### EXTRACTED MATERIAL

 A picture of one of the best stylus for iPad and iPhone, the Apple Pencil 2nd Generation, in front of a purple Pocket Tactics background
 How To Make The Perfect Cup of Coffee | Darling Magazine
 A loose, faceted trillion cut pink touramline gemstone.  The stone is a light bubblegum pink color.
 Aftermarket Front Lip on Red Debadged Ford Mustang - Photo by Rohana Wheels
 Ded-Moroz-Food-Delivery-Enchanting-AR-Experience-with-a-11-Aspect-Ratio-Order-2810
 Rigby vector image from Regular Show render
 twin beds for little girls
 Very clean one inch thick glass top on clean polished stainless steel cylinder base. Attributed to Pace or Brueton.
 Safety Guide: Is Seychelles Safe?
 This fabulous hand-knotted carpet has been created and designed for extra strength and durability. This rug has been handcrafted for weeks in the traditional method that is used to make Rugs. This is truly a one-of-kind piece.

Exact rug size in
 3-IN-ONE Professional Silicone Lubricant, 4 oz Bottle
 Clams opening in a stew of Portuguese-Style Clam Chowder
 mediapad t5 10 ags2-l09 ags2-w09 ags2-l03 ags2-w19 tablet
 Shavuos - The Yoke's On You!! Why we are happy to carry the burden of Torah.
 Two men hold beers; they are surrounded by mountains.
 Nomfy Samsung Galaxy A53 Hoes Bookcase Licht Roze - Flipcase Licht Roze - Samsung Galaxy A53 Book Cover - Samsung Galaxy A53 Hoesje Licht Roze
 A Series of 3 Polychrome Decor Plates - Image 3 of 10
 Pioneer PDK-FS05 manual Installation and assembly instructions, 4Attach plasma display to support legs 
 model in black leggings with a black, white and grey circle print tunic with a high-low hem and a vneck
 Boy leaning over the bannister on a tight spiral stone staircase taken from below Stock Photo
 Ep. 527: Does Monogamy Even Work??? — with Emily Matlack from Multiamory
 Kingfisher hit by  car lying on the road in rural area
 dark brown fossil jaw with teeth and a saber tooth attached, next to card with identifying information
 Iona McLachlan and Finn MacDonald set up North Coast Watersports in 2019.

######

INSTRUCTIONS TO FOLLOW: Where a line in the entries holds the word "from", copy that line.

EXPECTED ANSWER:
 Rigby vector image from Regular Show render
 Boy leaning over the bannister on a tight spiral stone staircase taken from below Stock Photo
 Ep. 527: Does Monogamy Even Work??? — with Emily Matlack from Multiamory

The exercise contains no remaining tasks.